As against Pakistan, India appears to be a country suffering from a perennial problem of analysis-paralysis, completely bereft of confidence in its own capabilities. Our lack of confidence is evident from the fact that while we call for imposition of economic sanctions against Pakistan, we forget that the same Pakistan enjoys our MFN status since 2006, something that has never been reciprocated. Pakistan, by continuing to act as an irresponsible player, has managed to severely limit India's options, thus leading to creation of a false “Nash equilibrium” like situation for India, whereby Indian policymakers have come to accept a fact that India has no incentive in deviating from the chosen strategy.
Added to India’s confidence problem is the opinion of the naysayers’ block who refuse to accept that Pakistan is at war with India. They cite economic costs of war as an argument but forget that maintaining peace with a warring neighbor comes at even higher costs, both human and economic. For this vocal group calling for restraint in such a climate, we are reminded of Bhyrappa's famous words from Parva, “Cowardice always comes in the garb of dharma and sanctimony.”

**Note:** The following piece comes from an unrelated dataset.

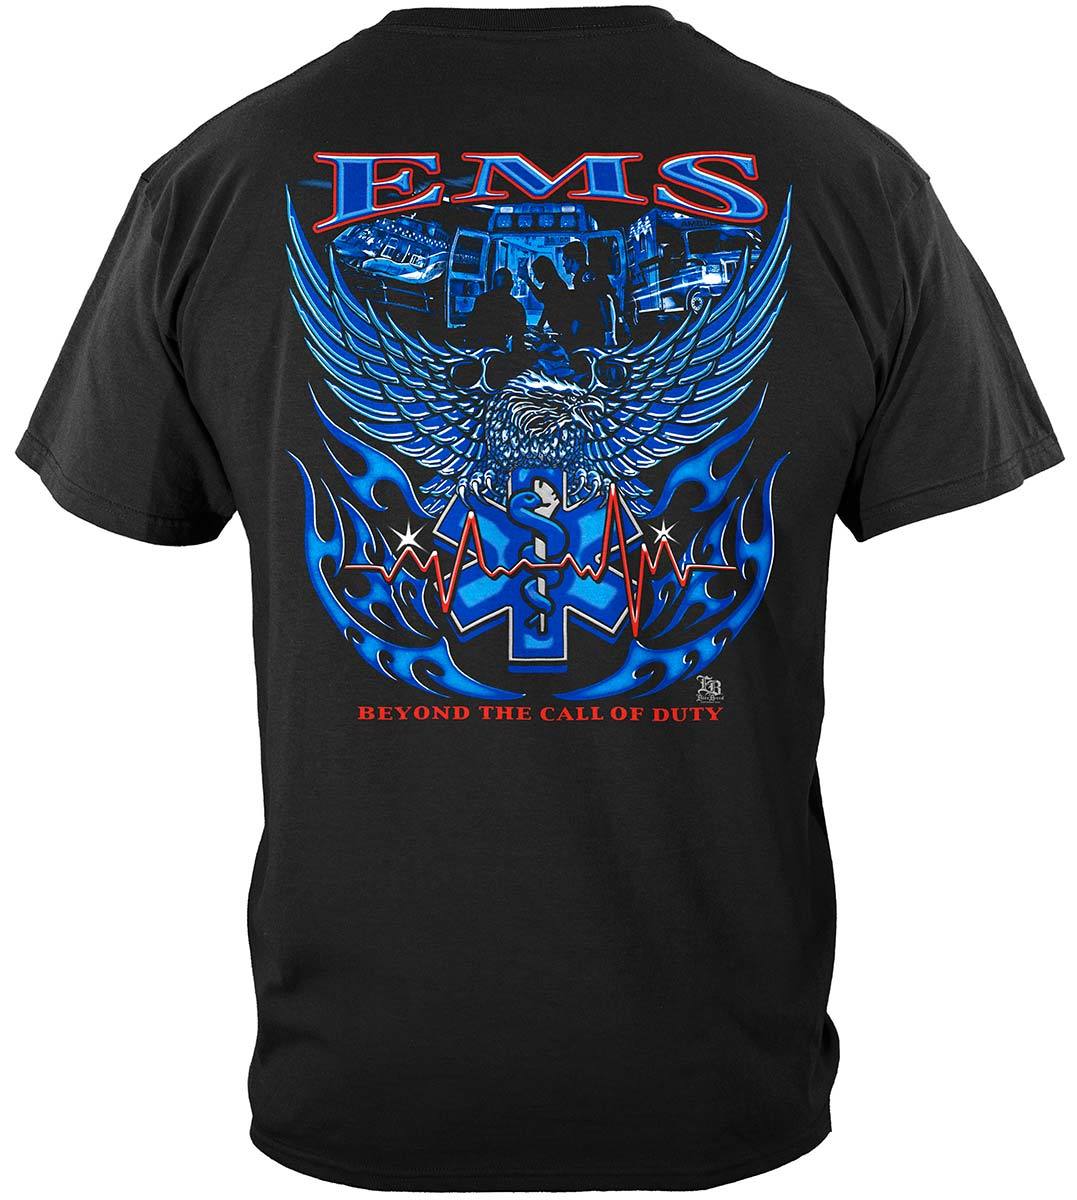 Elite Breed EMS Eagle Premium Hooded Sweat Shirt

Coming back to the strategy, it is clear that the Indian policy apparatus needs a shake-up to help it come out of its own sense of equilibrium state. Unless costs are imposed on Pakistan, it will not recognise the futility of being at war with India. What costs can be imposed and to what degree is something that PM Modi will have to decide. But one thing is sure; pressure on Mr. Modi is set to increase further as TV cameras will start beaming visuals of grieving families receiving the body of their men. Managing Uri fallout is the biggest test of his leadership and answers to the questions, this test poses, lies in the following shloka from Gita:
स्वधर्ममपि चावेक्ष्य न विकम्पितुमर्हसि I
धर्म्याद्धि युद्धाच्छ्रेयोऽन्यत्क्षत्रियस्य न विद्यते II
(Besides, considering your duty as a warrior, you should not waver. Indeed, for a warrior, there is no better engagement than fighting for upholding of righteousness)
As the buglers start playing the “Last Post” to bid adieu to 17 fallen men of Uri, its haunting melody will converge and resonate in the ears of the occupant of 7RCR, giving him several sleepless nights. It is Modi’s acid test of leadership.
Note: The views expressed here are the personal opinions of the author.